XTPower MP-10000 Powerbank - mobiler Akku mit 10000mAh: Amazon.de: Elektronik

Habe bei einem bekannten sowas in der art gesehen nur ne ganze ecke größer! Er hat 4x Mopetbatterien  zusammen geklemmt und noch nen kleines elektronische Teil oben drauf für Umwandlung, laden an/aus und 2x Steckdosen.
Würde mir jetzt gern wegen der Handlichkeit auch so etwas holen da nicht immer eine Steckdose zum Laden in der Nähe ist...
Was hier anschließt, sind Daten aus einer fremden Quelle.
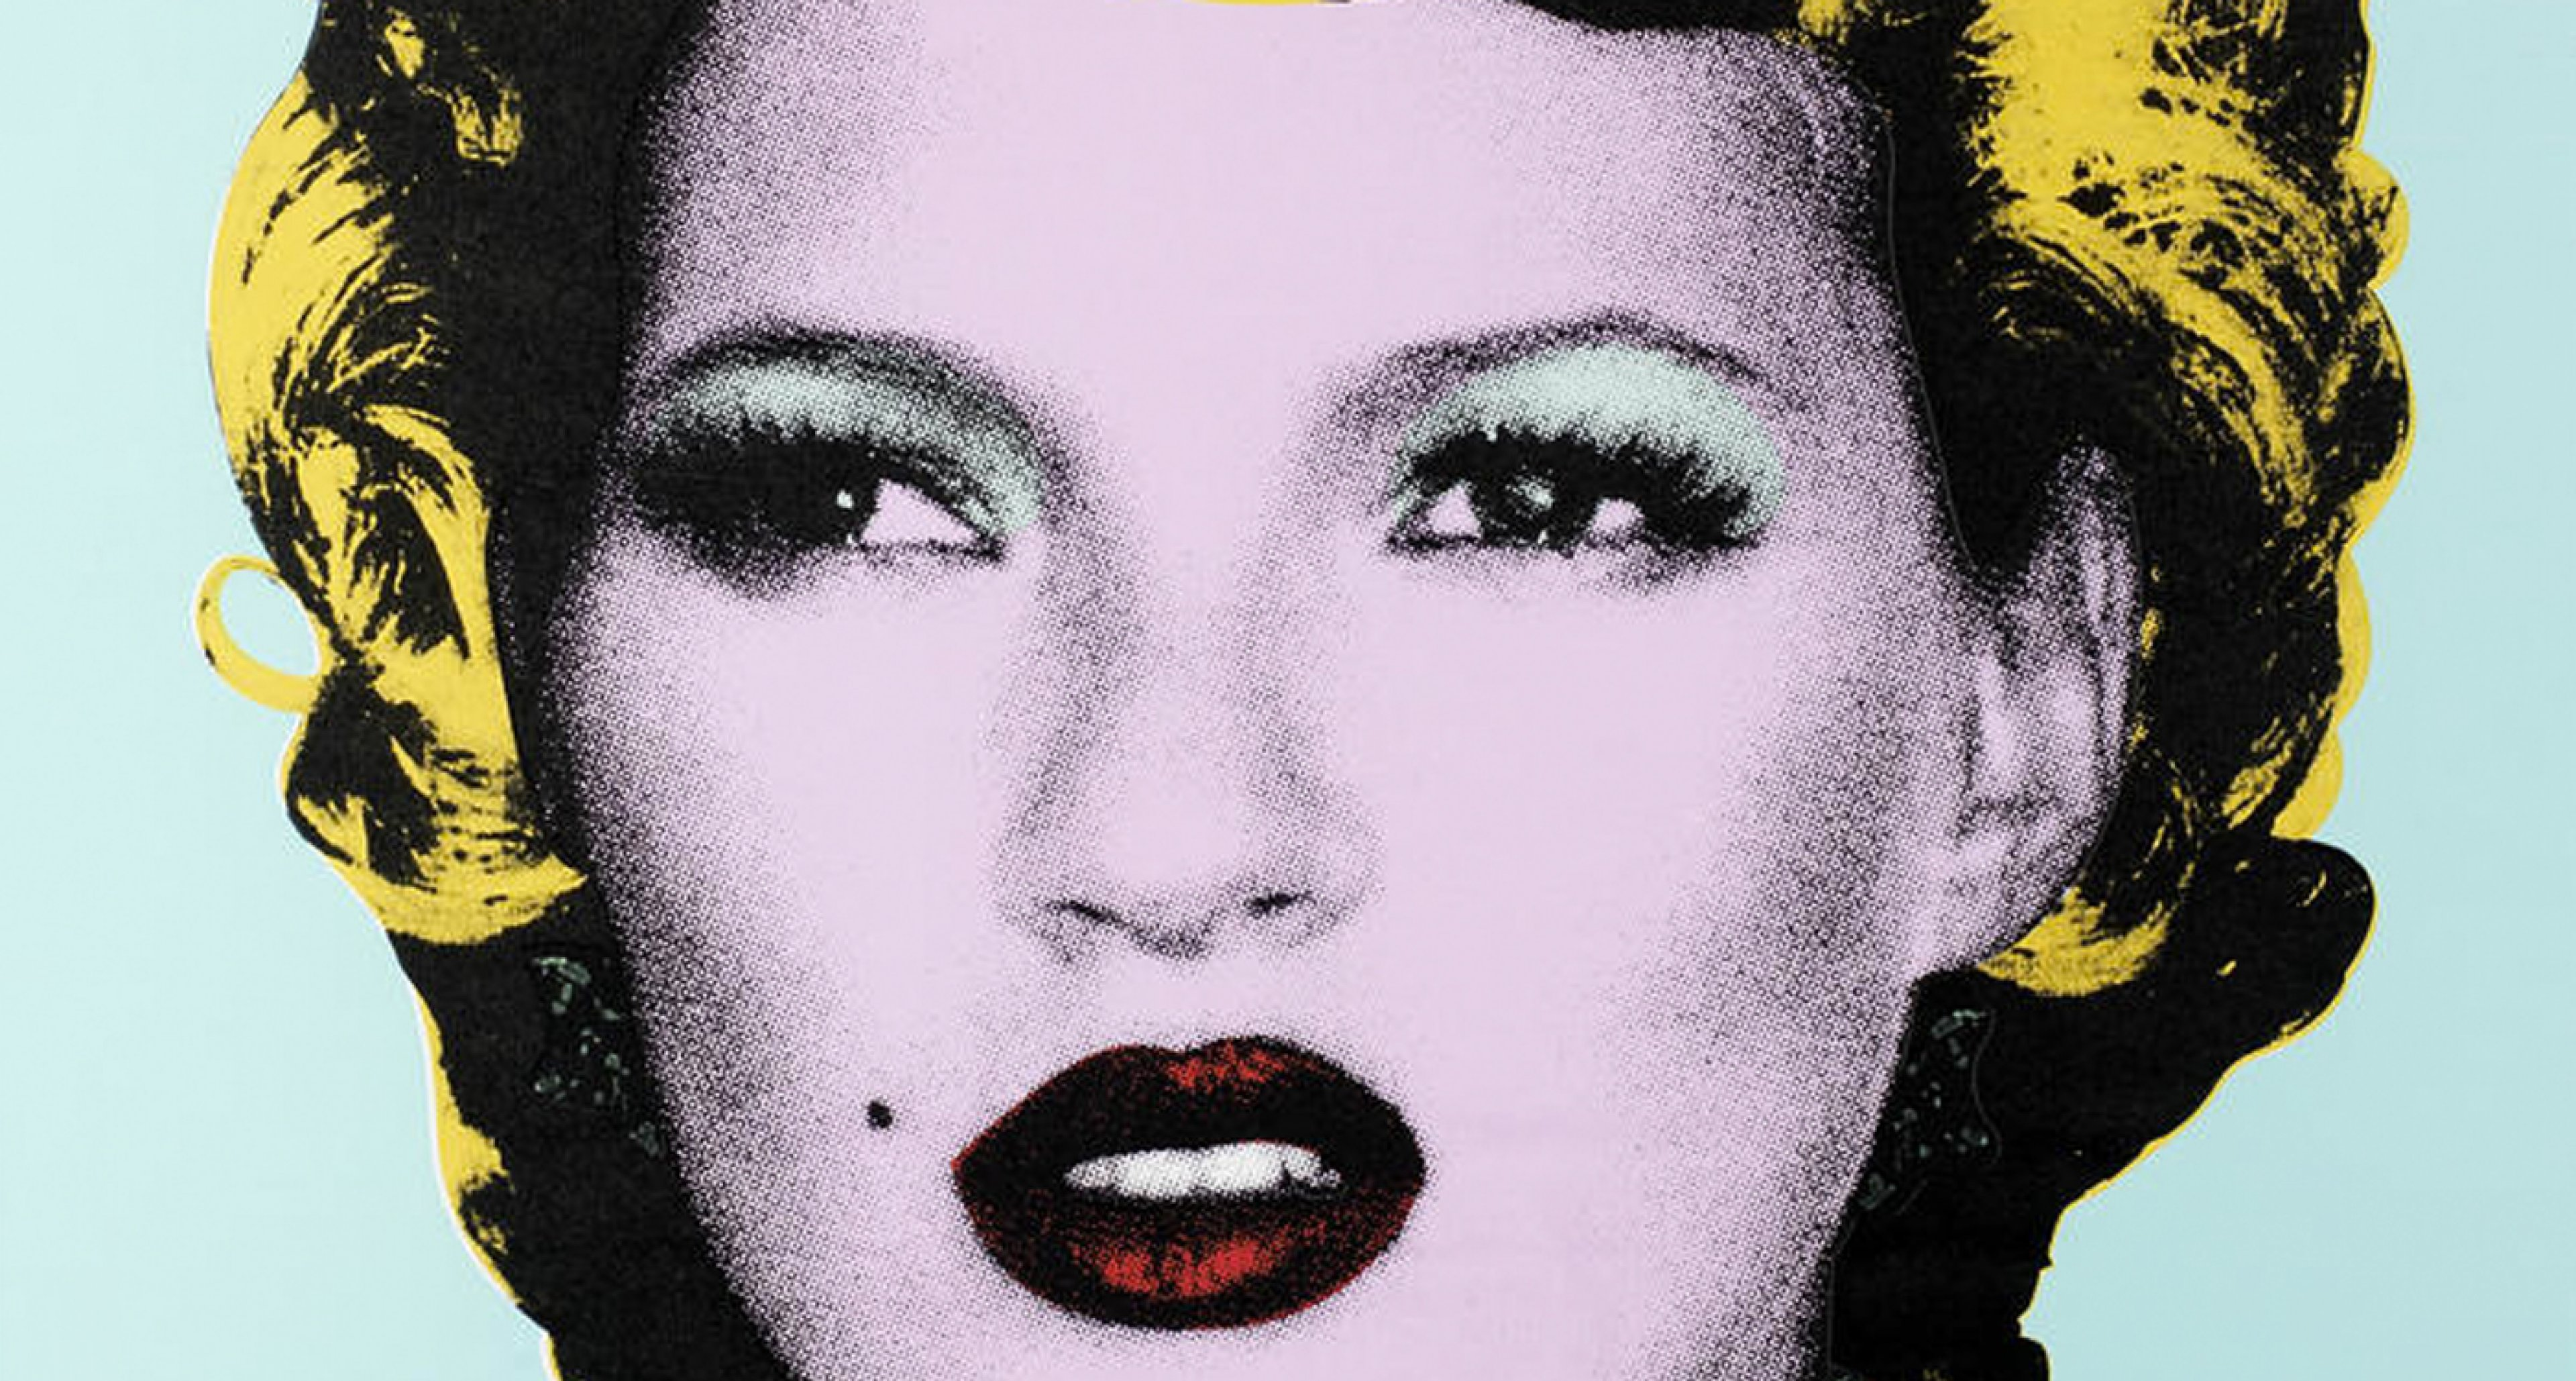 Banksy 'Kate Moss' (2005), estimate £25,000 - 35,000.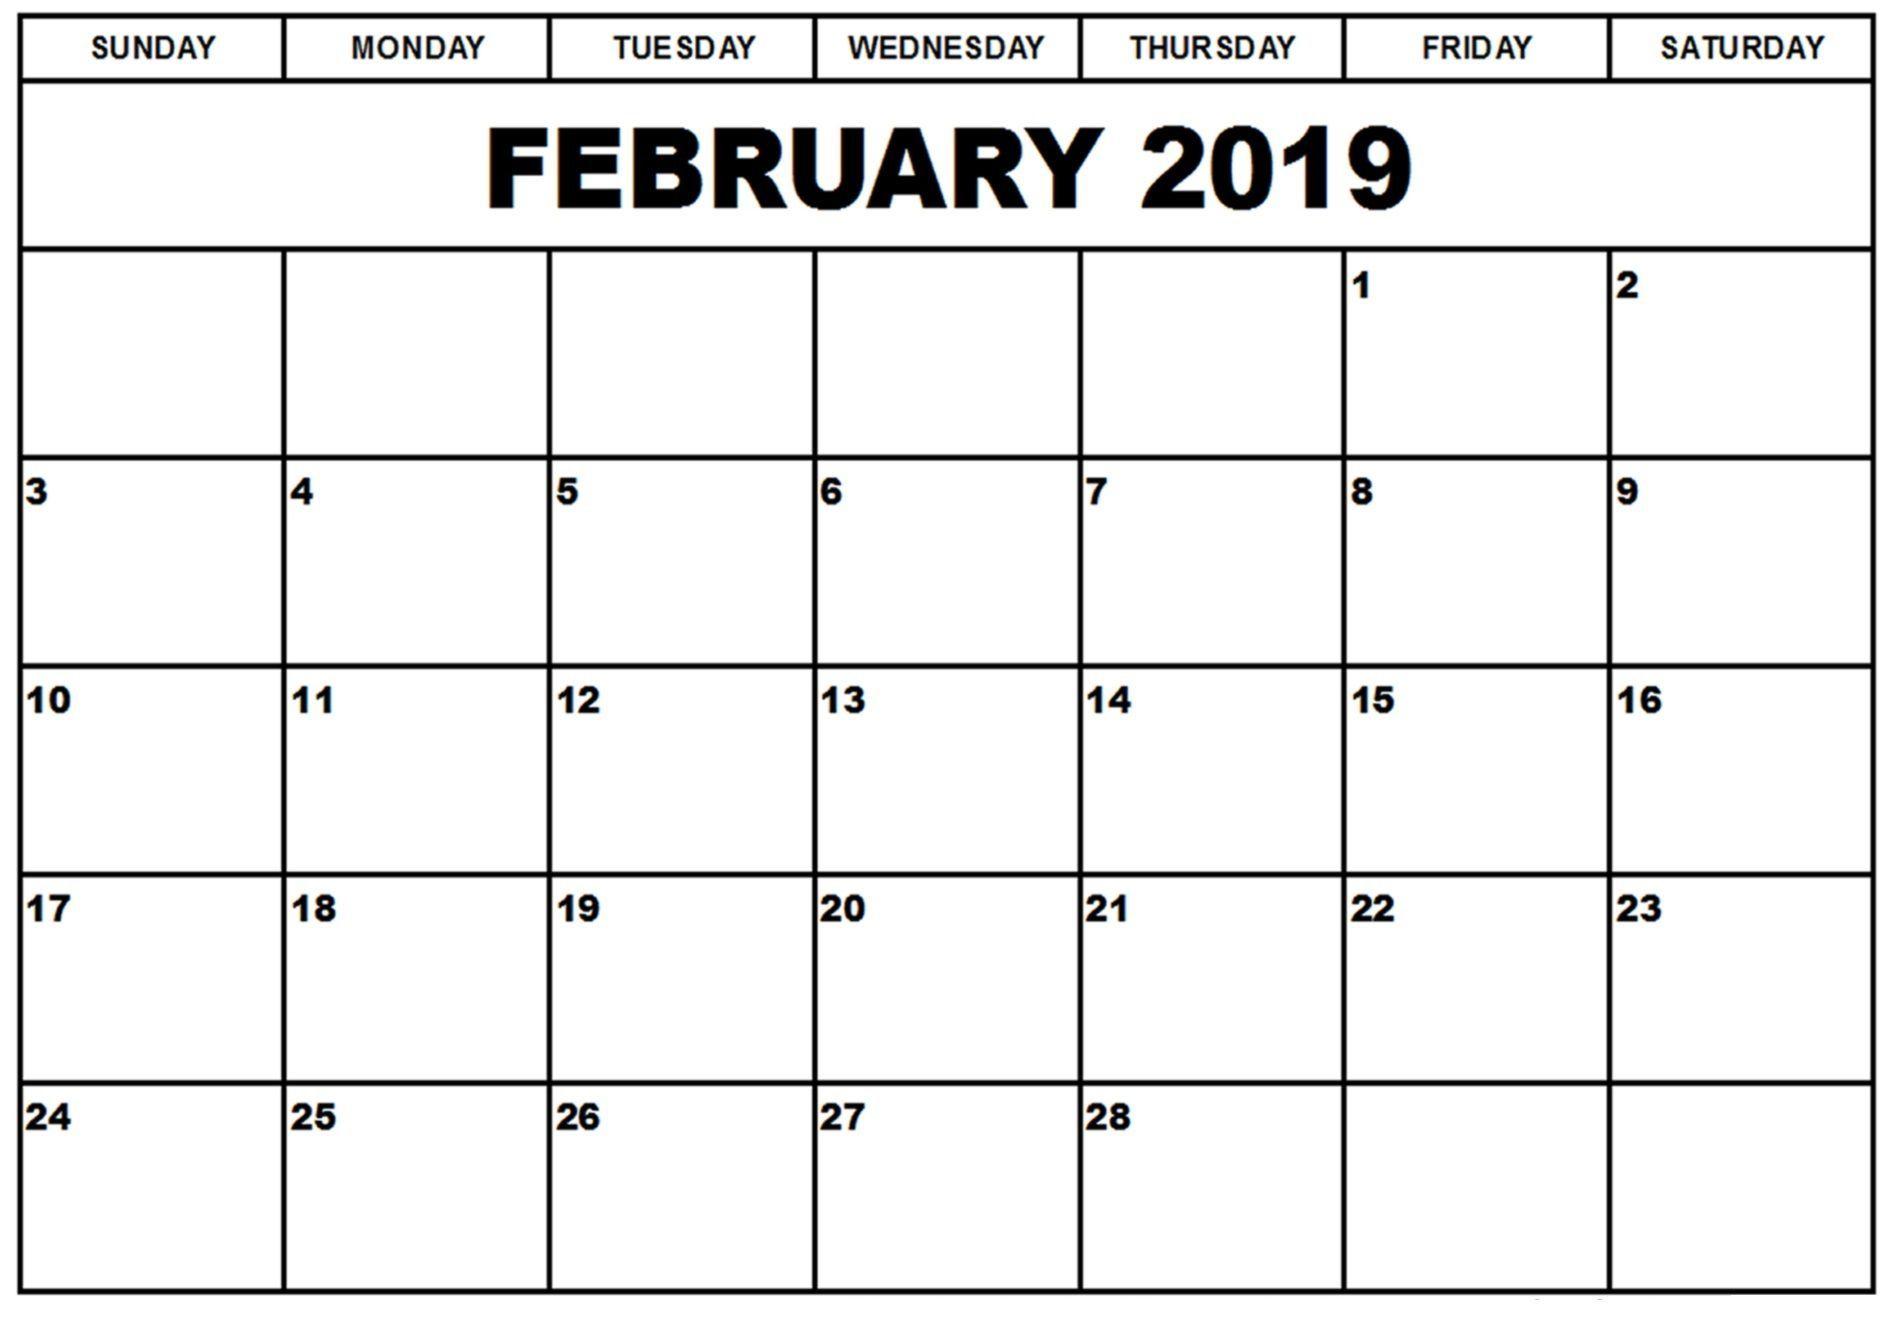 2019 February Printable Word Calendar | Calendar Of February 2019 throughout Vetex 2020 Word Calendar Download

Was sagt Ihr, macht das sind oder ehr Müll...

MfG
da
Jonny


----------



## Atomtoaster (20. Juni 2012)

Wenn du Nutzen dafür hast absolut empfehlenswert.
Welches genau, das kann ich dir nicht sagen, aber das Prinzip an sich funktioniert Einwandfrei, wenn du unterwegs laden musst und das dabei hast, kein Thema.


----------



## debalz (20. Juni 2012)

Hört sich super an, hätte es fast spontan bestellt! Ich suche zwar eher sowas auf Solarbasis um von Steckdosen komplett unabhängig zu sein aber so ein Akku - warum nicht, ist erschwinglich und erstaunlich leicht (290g?) Leider keine Testberichte gefunden..


----------



## JonnyDee (20. Juni 2012)

Nach Testberichten hatte ich aus gesucht aber erfolglos. Es gibt wenn da nen paar Nutzerberichte auf Amazon die für das Teil sind und auch für die etwas kleineren Geräte....

Falls wer noch was finden sollte bitte Posten da ich echt am überlegen bin!

MfG
da
Jonny


----------